Theoretical Guarantees for Variational Inference with Fixed-Variance Mixture of Gaussians
Tom Huix, Anna Korba, Alain Durmus, Eric Moulines
TL;DR
The paper investigates theoretical guarantees for variational inference when the variational family is a fixed-variance Gaussian mixture with equal weights. It introduces the mollified relative entropy $\mathcal{F}_{\epsilon}$, linking VI to a Wasserstein gradient flow that yields an interacting-particle system updating mixture means; this provides a tractable optimization framework with Monte Carlo evaluation of the gradient. A descent lemma ensures objective decrease at each iteration under smoothness assumptions, and a nonasymptotic KL-quantization bound shows how increasing the number of mixture components reduces approximation error to the target, with rates tied to the mollification parameter $\epsilon$ and problem size. The results illuminate the theoretical properties of VI beyond Gaussian families and guide design choices for multi-modal posterior approximations, while acknowledging the limitations of fixed weights and fixed covariances and outlining directions for extending to weight optimization and variable covariances.
Abstract
Variational inference (VI) is a popular approach in Bayesian inference, that looks for the best approximation of the posterior distribution within a parametric family, minimizing a loss that is typically the (reverse) Kullback-Leibler (KL) divergence.
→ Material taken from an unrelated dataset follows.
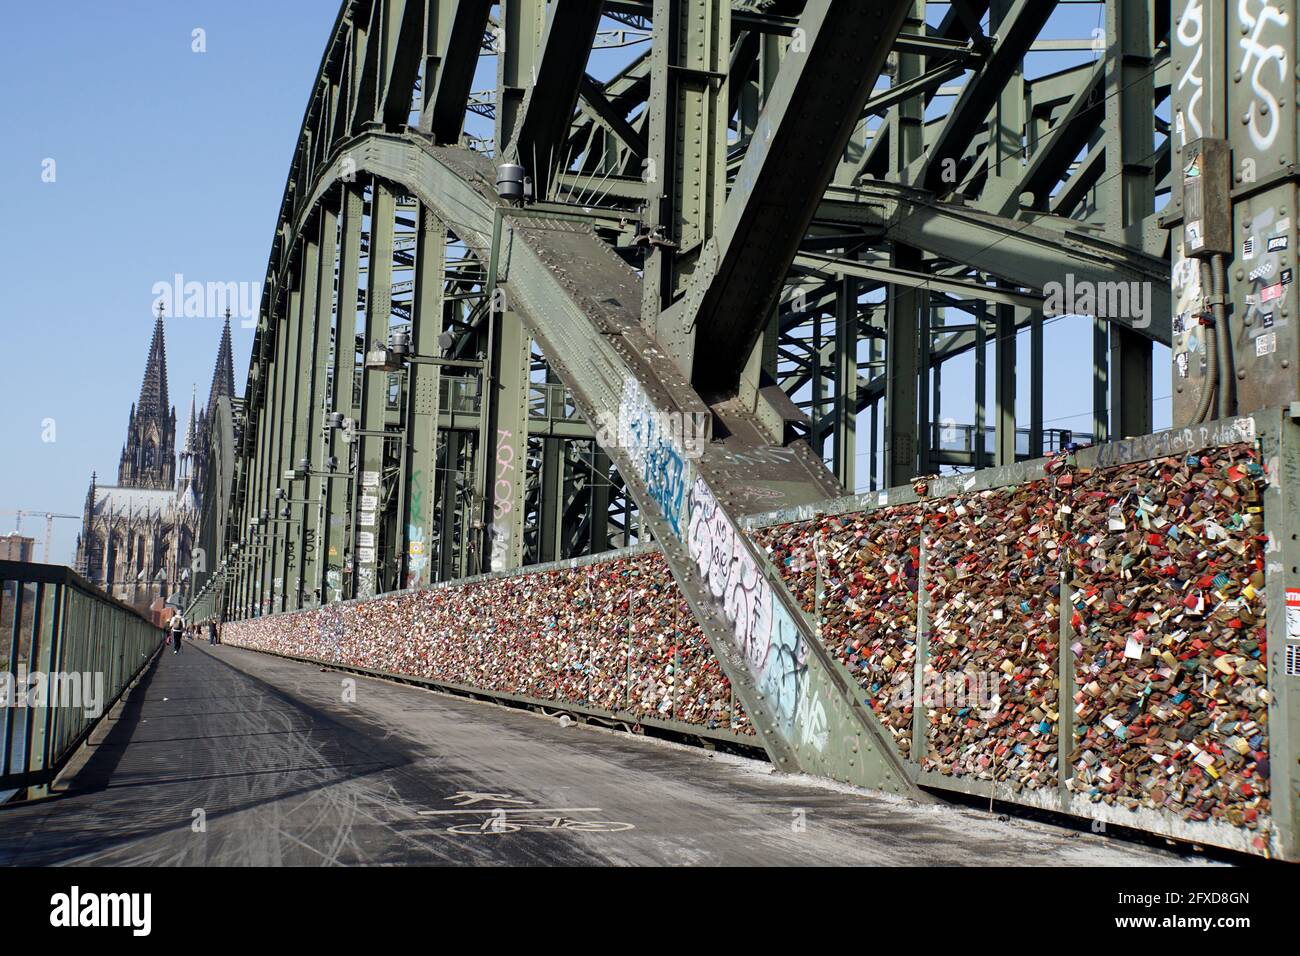 Touristenattraktion Liebsesschlösser auf der Hohenzollernbrücke, fast menschenleer während der Covid 19-Pandemie, Deutschland, Nordrhein-Westfalen, Lö Foto de stock

Despite its empirical success, the theoretical properties of VI have only received attention recently, and mostly when the parametric family is the one of Gaussians. This work aims to contribute to the theoretical study of VI in the non-Gaussian case by investigating the setting of Mixture of Gaussians with fixed covariance and constant weights. In this view, VI over this specific family can be casted as the minimization of a Mollified relative entropy, i.e. the KL between the convolution (with respect to a Gaussian kernel) of an atomic measure supported on Diracs, and the target distribution. The support of the atomic measure corresponds to the localization of the Gaussian components. Hence, solving variational inference becomes equivalent to optimizing the positions of the Diracs (the particles), which can be done through gradient descent and takes the form of an interacting particle system. We study two sources of error of variational inference in this context when optimizing the mollified relative entropy. The first one is an optimization result, that is a descent lemma establishing that the algorithm decreases the objective at each iteration. The second one is an approximation error, that upper bounds the objective between an optimal finite mixture and the target distribution.